CANCUN, Mexico, 26 May 2017 – Countries around the world need to focus on women if they are to achieve the aims of a 15-year agreement to curb hazard impacts, according to delegates at the 2017 Global Platform for Disaster Risk Reduction.

The Global Platform, hosted by the Mexican government, has drawn thousands of delegates who are assessing efforts to implement the Sendai Framework for Disaster Risk Reduction, adopted at a UN conference in 2015.

The Sendai Framework has seven targets. It aims to bring about substantial reductions in disaster deaths, the number of affected people and economic losses, plus damage to critical infrastructure and disruption to basic services such as health and educational facilities.

It also seeks to increase the number of countries with national and local risk reduction strategies – by 2020, the earliest deadline in the framework and a key step for meeting the other targets – as well as bolstering the capacity of developing countries, and vastly increasing coverage by early warning systems.

“We’re going to have to emphasize women’s empowerment if we’re going to achieve these goals,” said Ms. Laura Tuck, the World Bank’s Vice President for Sustainable Development.

The Sendai Framework Framework puts gender front and centre due to its whole-of-society approach.

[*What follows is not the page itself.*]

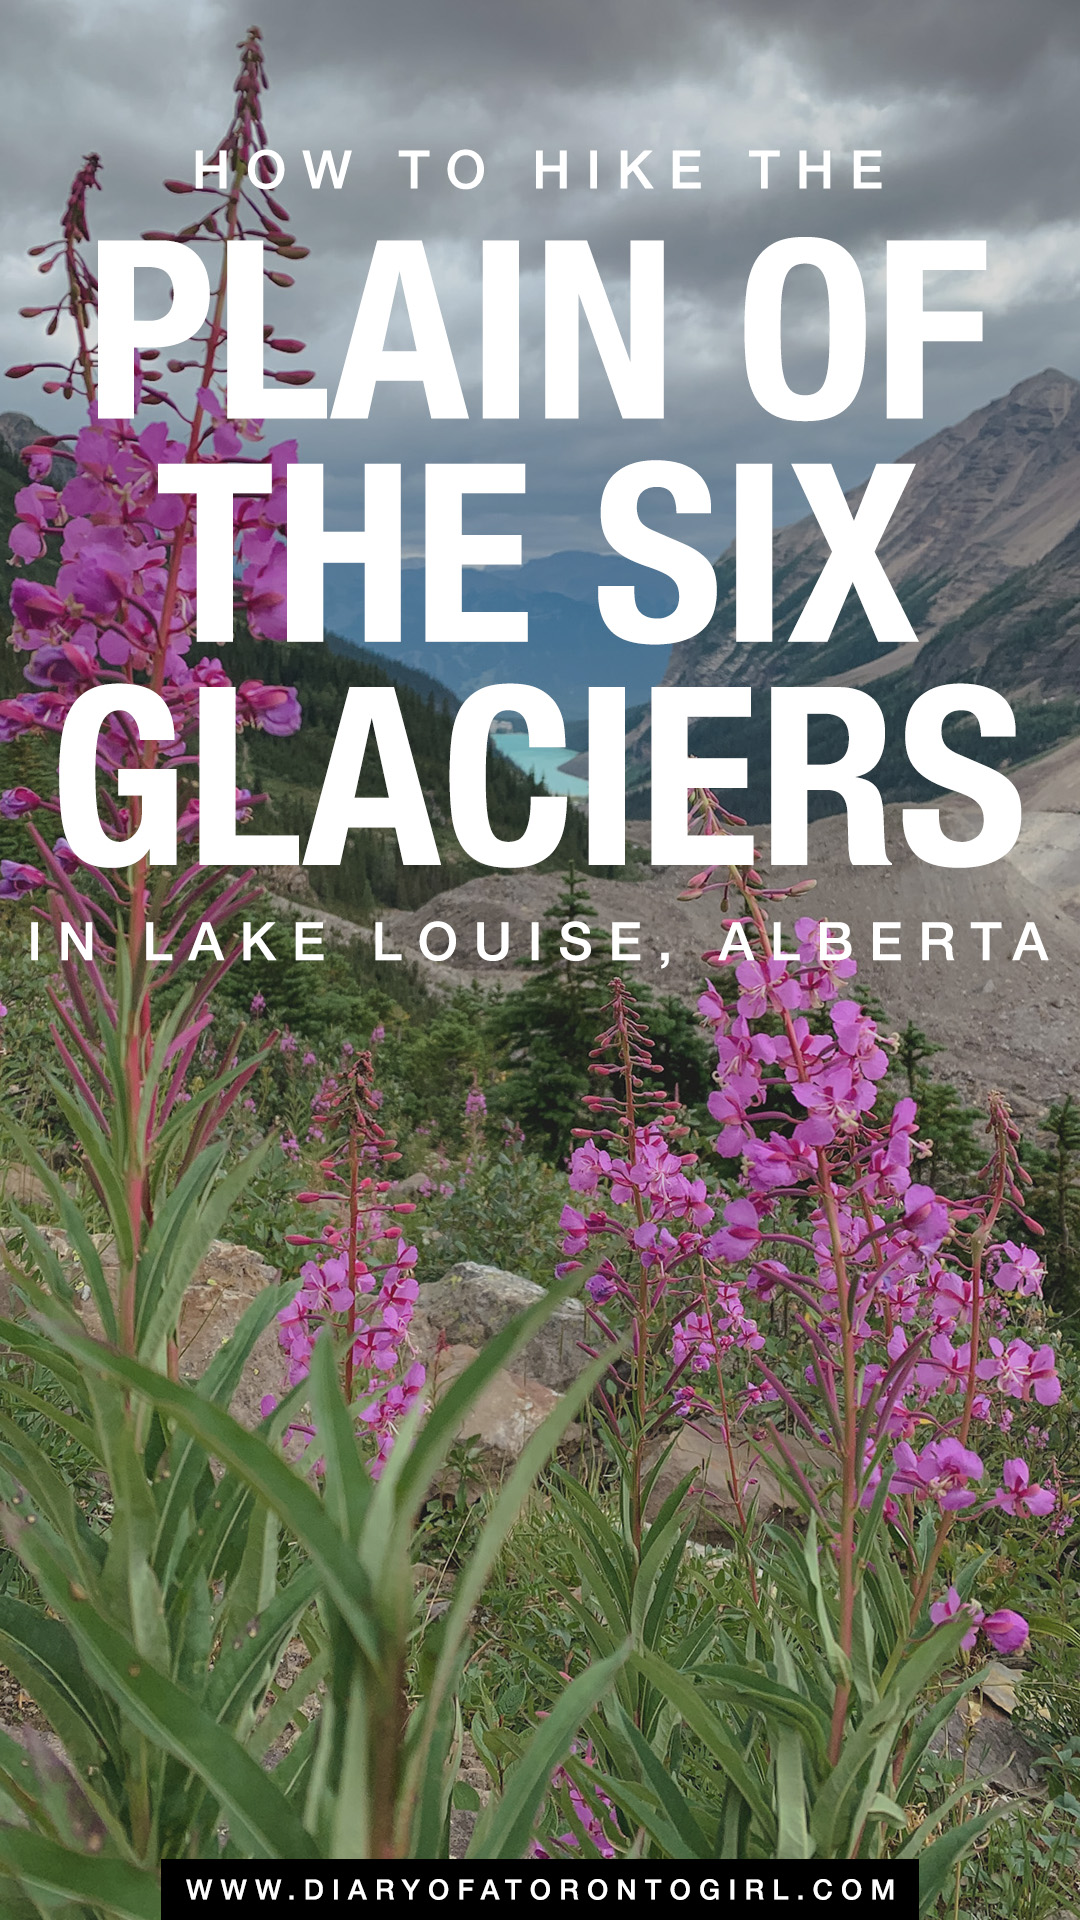 How to hike the Plain of the Six Glaciers in Lake Louise, Alberta

Disasters affect men and women, and boys and girls, differently for an array of reasons.

“Disasters are unfair. They discriminate,” said Mr. Elhadj As Sy, the Secretary-General of the International Federation of Red Cross and Red Crescent Societies (IFRC).

For example, gender inequalities can hamper the influence and control of women and girls over decisions governing their lives and those of their families. And due to socio-economic conditions, cultural beliefs and traditional practices, women and girls are more likely to be affected if a hazard strikes, facing increased loss of life and livelihoods, and gender-based violence, during, and in the aftermath of, disasters.

“We must cut the roots of discrimination wherever they appear,” said Ms. Amina J. Mohammed, Deputy Secretary-General of the United Nations.

The figures are stark from disasters such as the 2004 Indian Ocean Tsunami, where women and children made up 77% of the victims in Indonesia, or the Solomon Islands’ own deadly wave of 2007, where the proportion was 96%. And in Bangladesh’s Cyclone Gorky disaster of 1991, women outnumbered men by 14 to 1.